Так, помогая друг другу, то вместе восхищаясь, то упорно споря, читали мы, и в зимние прохладные дни, и в летние звёздные ночи, всё, что могли достать в нашем захолустье, обращая чердак аптеки в Академию. Несмотря на то, что оба мы не очень-то были сильны в грамматике Цинтена [x] , прочли мы немало латинских авторов, причём и таких, о которых не было речи в Университете ни на ординариях, ни на диспутах. У Катулла, Марциала, Кальпурния нашли мы, навсегда непревосходимые, образцы красоты и вкуса, до сих пор ярко живущие в моей памяти, а в творениях богоподобного Платона заглянули в самые глухие глубины человеческой мудрости, не всё понимая, но всем потрясённые. В сочинениях нашего века, менее совершенных, но более нам близких, научились мы сознавать то, что уже раньше, не имея слов, жило и роилось в нашей душе. Мы увидели свои собственные, до тех пор ещё туманные, взгляды, — в неистощимо-забавной “Похвале Глупости”, в остроумных и благородных, чтобы там ни говорили, “Разговорах”, в мощном и неумолимом “Торжестве Венеры” и в тех “Письмах тёмных людей”, которые мы не раз перечли от начала до конца и которым сама древность может противопоставить разве одного Лукиана [xi] .

Между тем то были те самые времена, о которых теперь говорят: кто в 23 году не умер, в 24 не утонул, а в 25 не был убит, — должен благодарить Бога за чудо. Но нас, занятых беседами с благороднейшими умами, почти не увлекали чёрные бури современности. Мы нисколько не сочувствовали нападению на Трир рыцаря Франца фон Зикингена [xii] , которого некоторые прославляли как друга лучших людей, но который на деле был человек старого закала, из числа разбойников, ставящих дешёвой ставкой свою голову, чтобы ограбить проезжего. Наш архиепископ дал отпор насильнику, показав, что времена Флоризеля Никейского [xiii] стали дедовскими преданиями. Точно так же, когда два следующих года по всем немецким землям, словно в сатанинской пляске, проносились народные мятежи и буйства и в нашем городе только и разговоров было, что об исходе восстаний, мы наших занятий не нарушали. Мечтателю Фридриху сначала казалось, что эта огненная и кровавая буря поможет установить в нашей стране больше порядка и справедливости, но скоро и он уверился, что ждать нечего от немецких крестьян, слишком ещё диких и невежественных. Всё свершившееся оправдало горькие слова одного из писателей: rustica gens optima flens pessima gaudens [xiv] .

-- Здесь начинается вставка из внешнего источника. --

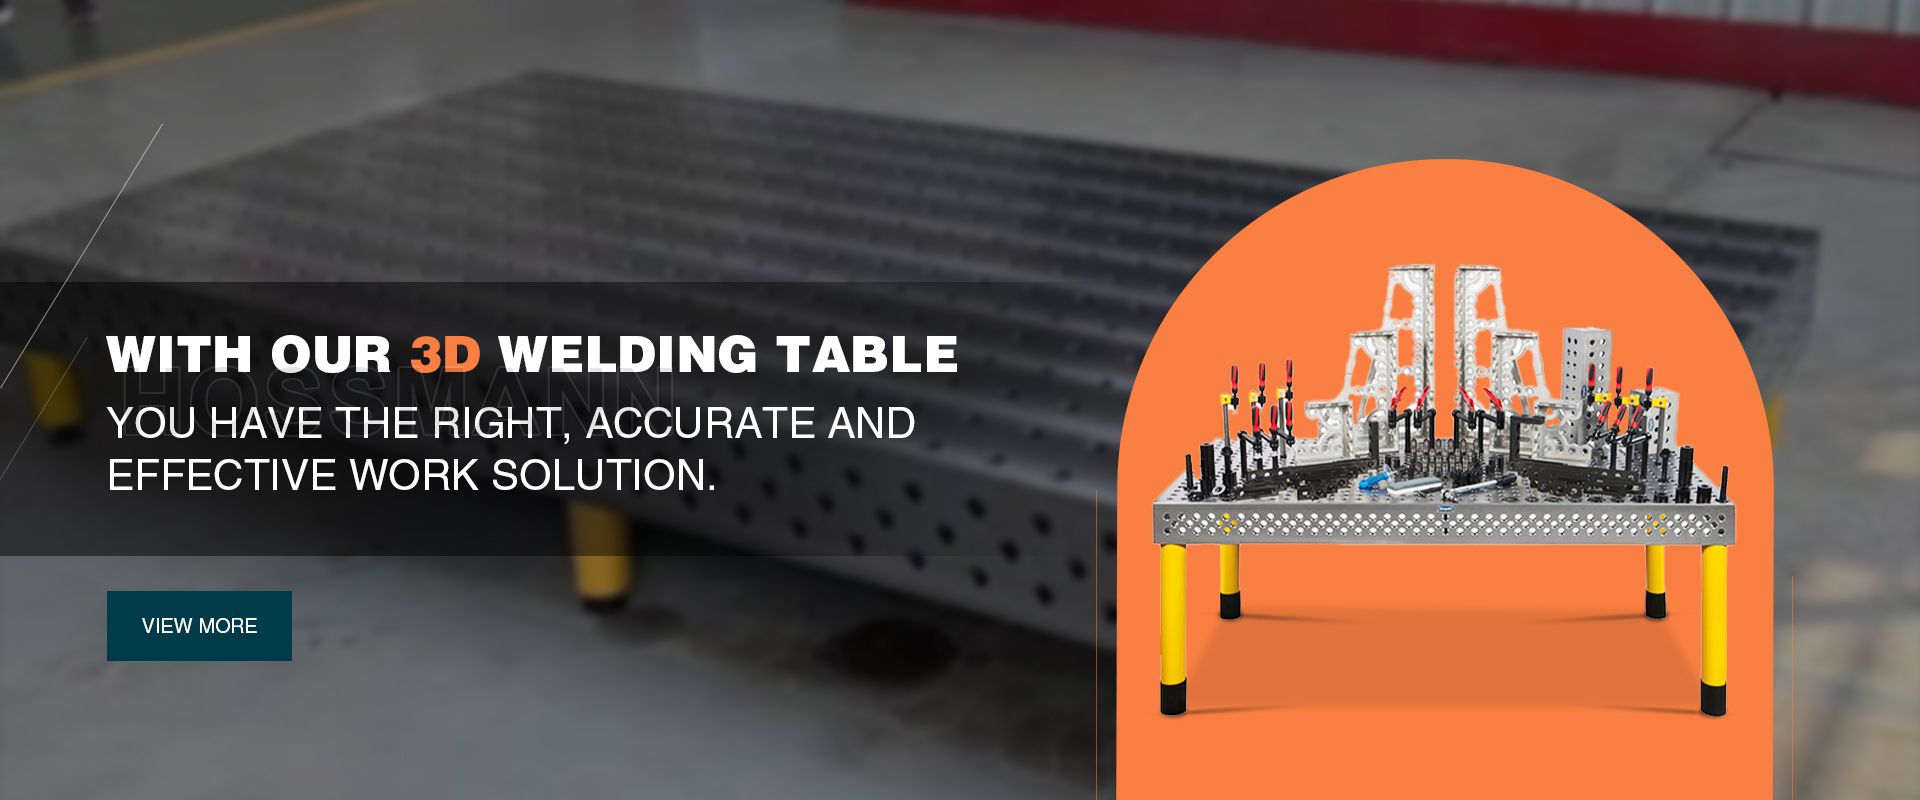 3D Welding Table For Industrial Welding

Некоторые раздоры вызывали между нами первые слухи о Мартине Лютере, этом “непобедимом еретике” [xv] , имевшем уже тогда немало сторонников среди владетельных князей. Уверяли, будто девять десятых Германии восклицало в те дни “Да здравствует Лютер”, а позднее, в Испании, говорили, что у нас религия меняется, как погода, и майский жук летает между тремя церквами. Меня лично нисколько не занимал спор о благодати и пресуществлении, и я никогда не понимал, как Дезидерий Эразм, этот единственный гений, мог интересоваться монашескими проповедями. Сознавая вместе с лучшими людьми современности, что вера заключается в глубине сердца, а не во внешних проявлениях, я по тому самому, ни в юности, ни в возрасте зрелом, никогда не чувствовал затруднения ни в обществе добрых католиков, ни среди исступленных лютеранцев. Напротив, Фридрих, которого в религии на каждом шагу пугали мрачные пропасти, находил какое-то непонятное мне откровение в книжках Лютера, правда, цветистых и не лишённых силы слога, — и наши споры переходили порой в обидные ссоры.

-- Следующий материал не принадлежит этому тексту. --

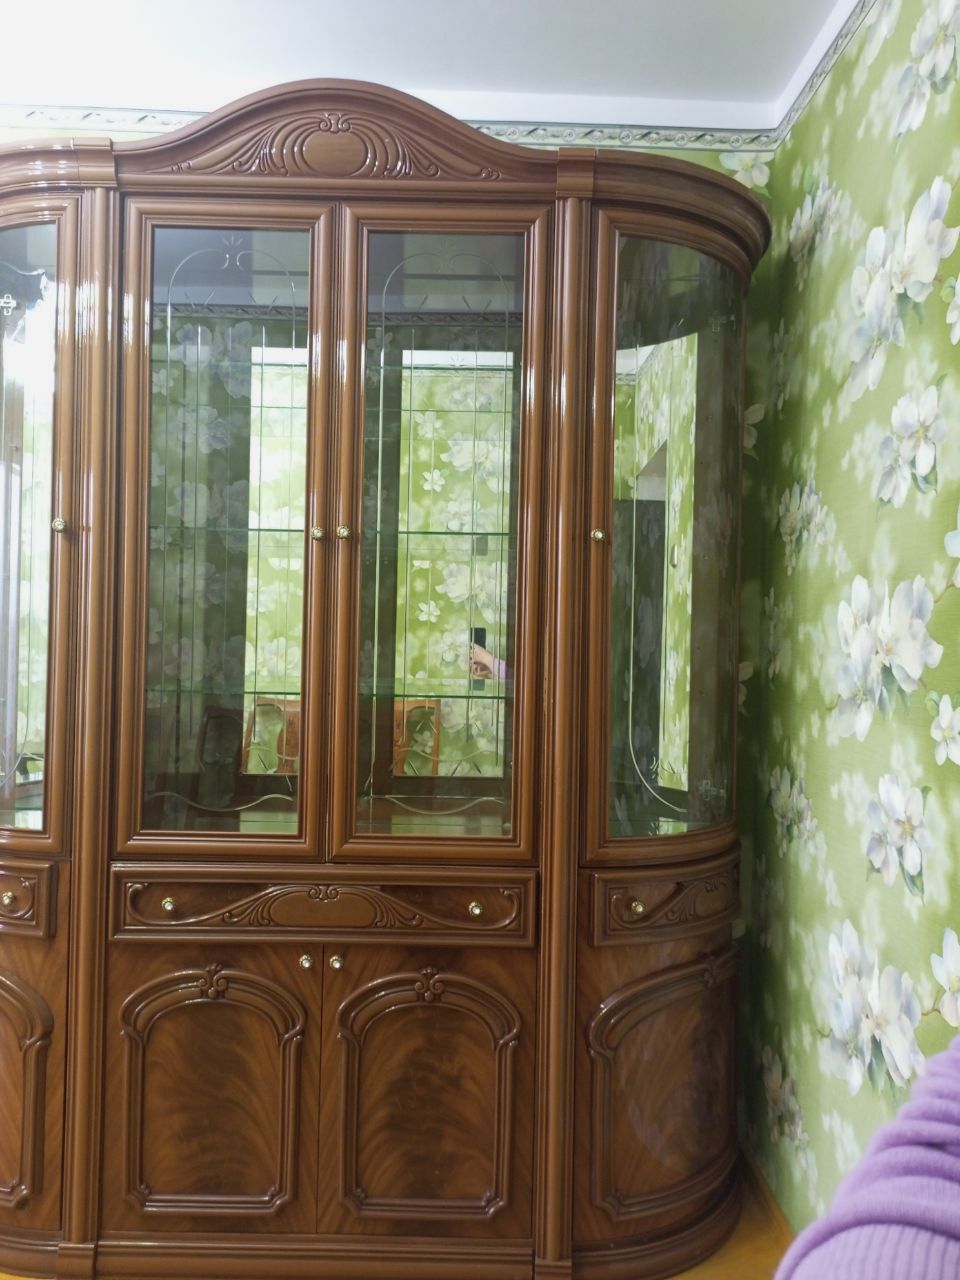 Продам мебель для зала сервант с зеркальным комодом.Италия.Новое

В начале 26 года, тотчас после Святой Пасхи, приехали к нам в дом сестра Луиза с мужем. Жизнь при них стала для меня совсем нестерпима, так как они без устали осыпали меня упрёками за то, что в двадцать лет остаюсь я ярмом на плечах отца и жерновом на очах матери. Около того же времени рыцарь Георг фон Фрундсберг, славный победитель французов [xvi] , по поручению Императора вербовал в наших краях рекрутов. Тогда пришло мне на ум стать вольным ландскнехтом, так как не видел я другого способа изменить свою жизнь, которая готова была застояться, как воды пруда. Фридрих, мечтавший было, что я сделаюсь видным писателем, — ибо оба мы с ним делали опыты подражать нашим любимым авторам, — очень опечалился, но не нашёл доводов разубедить меня. Я объявил отцу, решительно и настойчиво, что выбираю военное ремесло, ибо мне более пристал меч, чем ланцет. Отец, как я и ожидал, пришёл в гнев и запретил мне и думать о военном деле, сказав: “Всю жизнь я поправлял человеческие тела и не хочу, чтобы мой сын уродовал их”. Своих денег, чтобы купить вооружение и одежду, не было ни у меня, ни у моего друга, и потому я решил покинуть родной кров тайно. Ночью, помнится, на 5 июня, незаметно вышел я из дому, взяв с собой 25 рейнских гульденов. Мне очень запомнилось, как Фридрих, проводив меня до выхода в поле, обнял меня, — увы, последний раз в жизни! — плача, у серой ветлы, бледный, в лунном озарении, как мертвец.

Я в тот день не чувствовал на сердце тяготы разлуки, так как сияла передо мной, как глубь майского утра, новая жизнь. Был я молод и силён, вербовщики приняли меня без спора, и я вступил в итальянское войско Фрундсберга. Все легко поймут, что потянувшиеся затем дни были не легки для меня, если только вспомнят, что такое наши ландскнехты: люди — буйные, грубые, неучёные, щеголяющие пестротой одежды да затейливостью речи, ищущие только, как бы напиться пьянее да поживиться получше добычей. Почти страшно было после утончённых, как игла, шуток Марциала или возвышенных, как полёт коршуна, соображений Марсилио Фичино [xvii] , участвовать мне в безудержных забавах новых сотоварищей, и иногда казалась мне тогда моя жизнь сплошным удушливым сном. Но начальники мои не могли не заметить, что я отличаюсь от товарищей и знаниями и обхождением, а так как я притом хорошо владел аркебузой и не гнушался никаким делом, — то меня всегда отличали и поручали мне должности, более мне подходящие.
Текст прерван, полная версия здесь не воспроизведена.